Village in Cambridgeshire, England

Barrington is a small village and civil parish in the South Cambridgeshire district of Cambridgeshire, England. The village is about 7 miles south-west of Cambridge, between Haslingfield and Shepreth.

==History==
The parish of Barrington is roughly a trapezium in shape and covers 2282 acres. The southern boundary follows the River Cam which separates it from the parishes of Shepreth, Foxton, and Harston and formed the ancient boundary of Wetherley hundred. Its northern boundary reaches the ancient Mare Way at its north-westernmost tip, a track that ran along the ridge of the White Hill, and now forms the A603. It borders Orwell to the west, Harlton to the north and Haslingfield to the east.

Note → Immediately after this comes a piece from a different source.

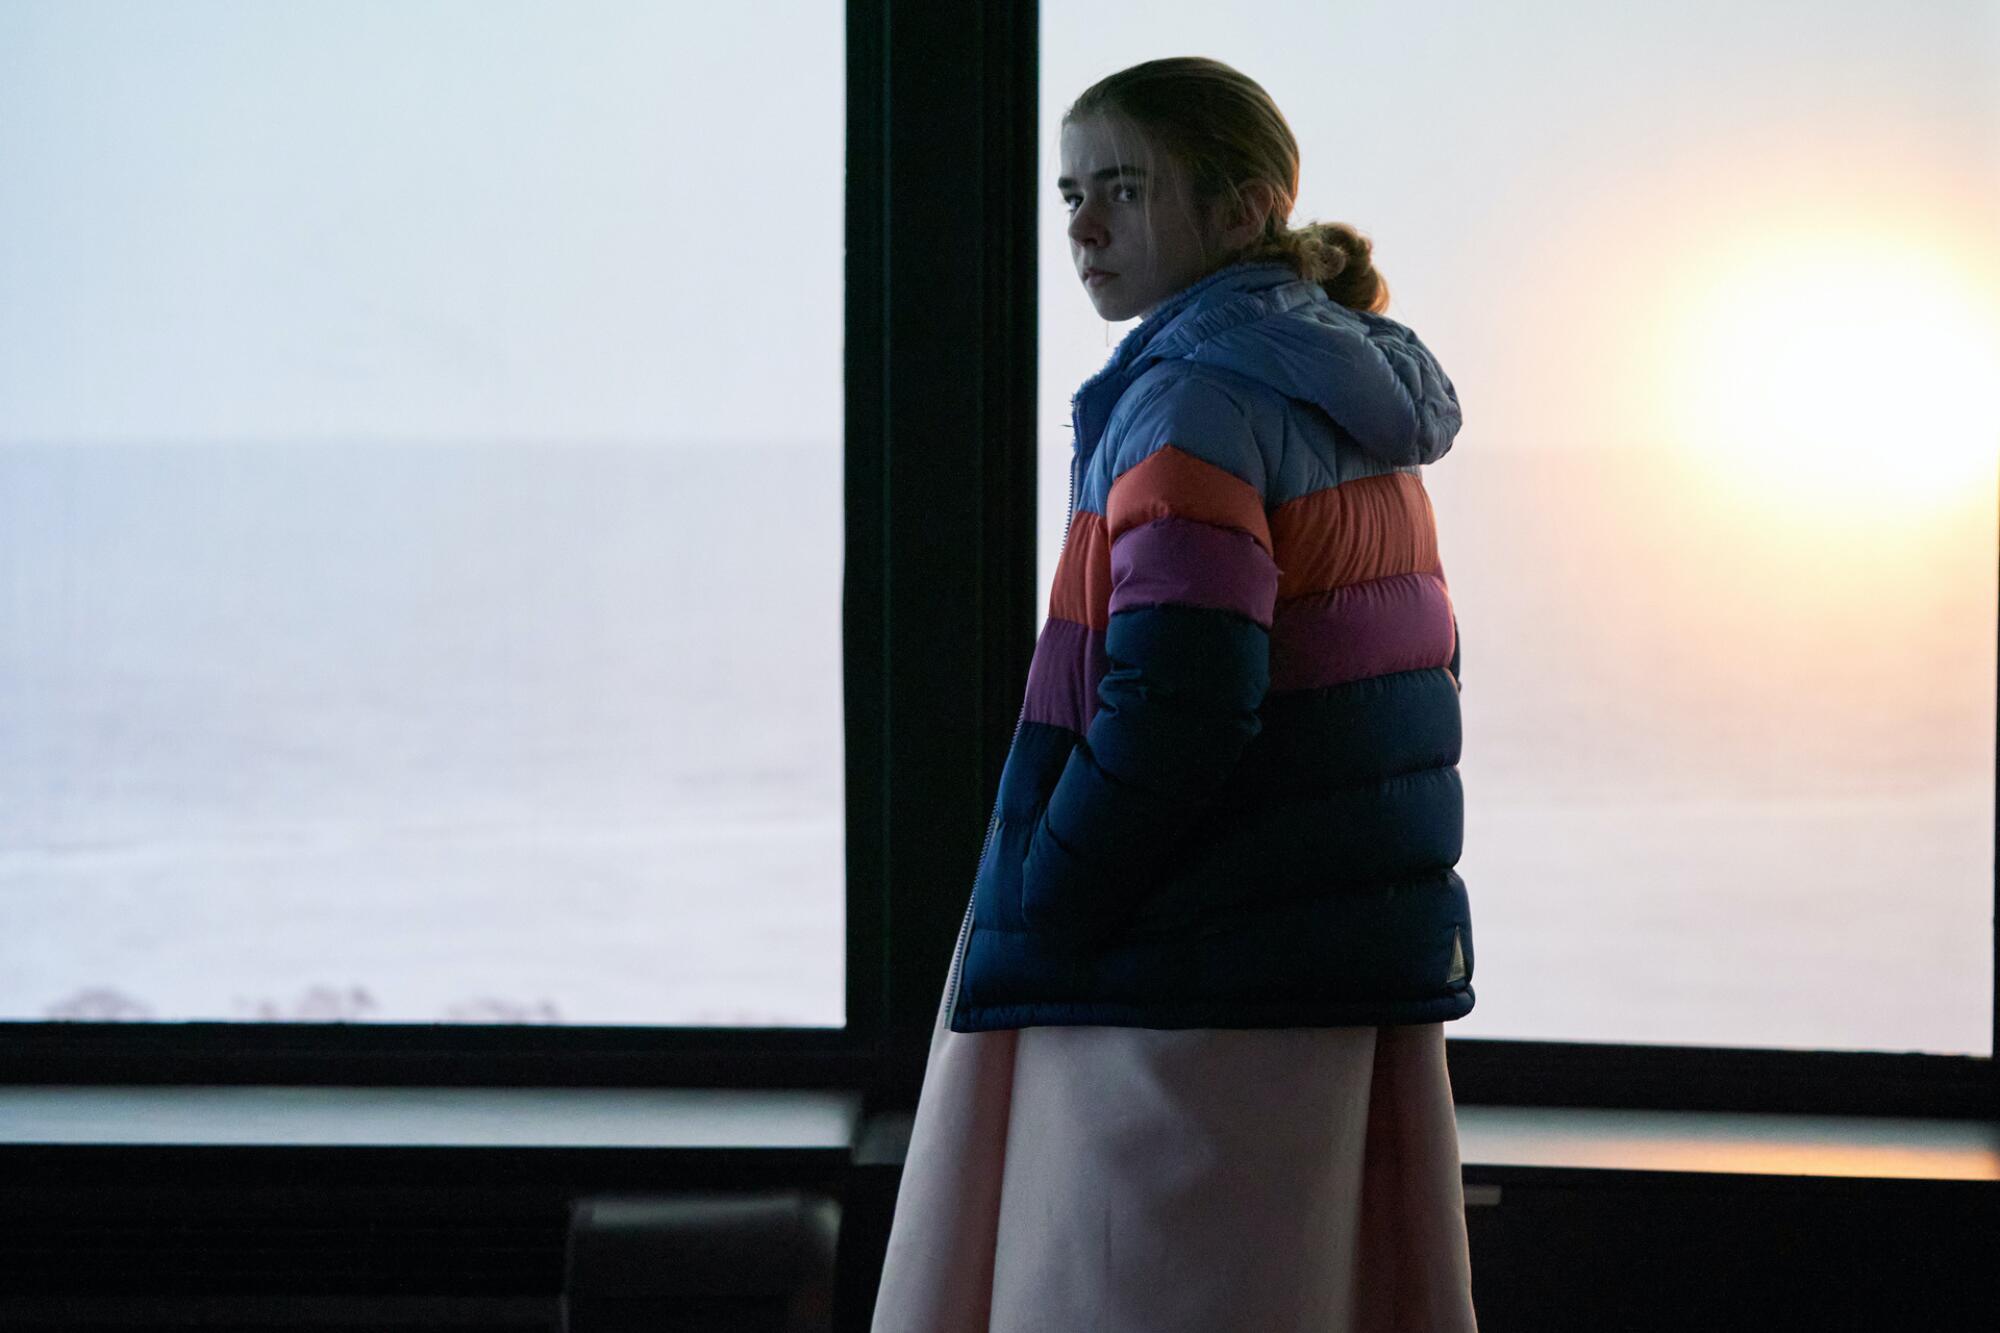 A pre-teen girl wears a coat indoors standing in front of a window in a scene from "Station Eleven."

Listed as Barentone in the Domesday Book of 1086 the name "Barrington" is believed to mean "farmstead of a man called Bara".

The village has long been an important manufacturer of bricks and cement; there were already four brick-makers by the 1840s. The Prime family opened the Shepreth road brickworks by 1876 which changed hands several times over the 20th century as it grew in size. At the northern end of the village was the Cemex cement works which closed in 2008.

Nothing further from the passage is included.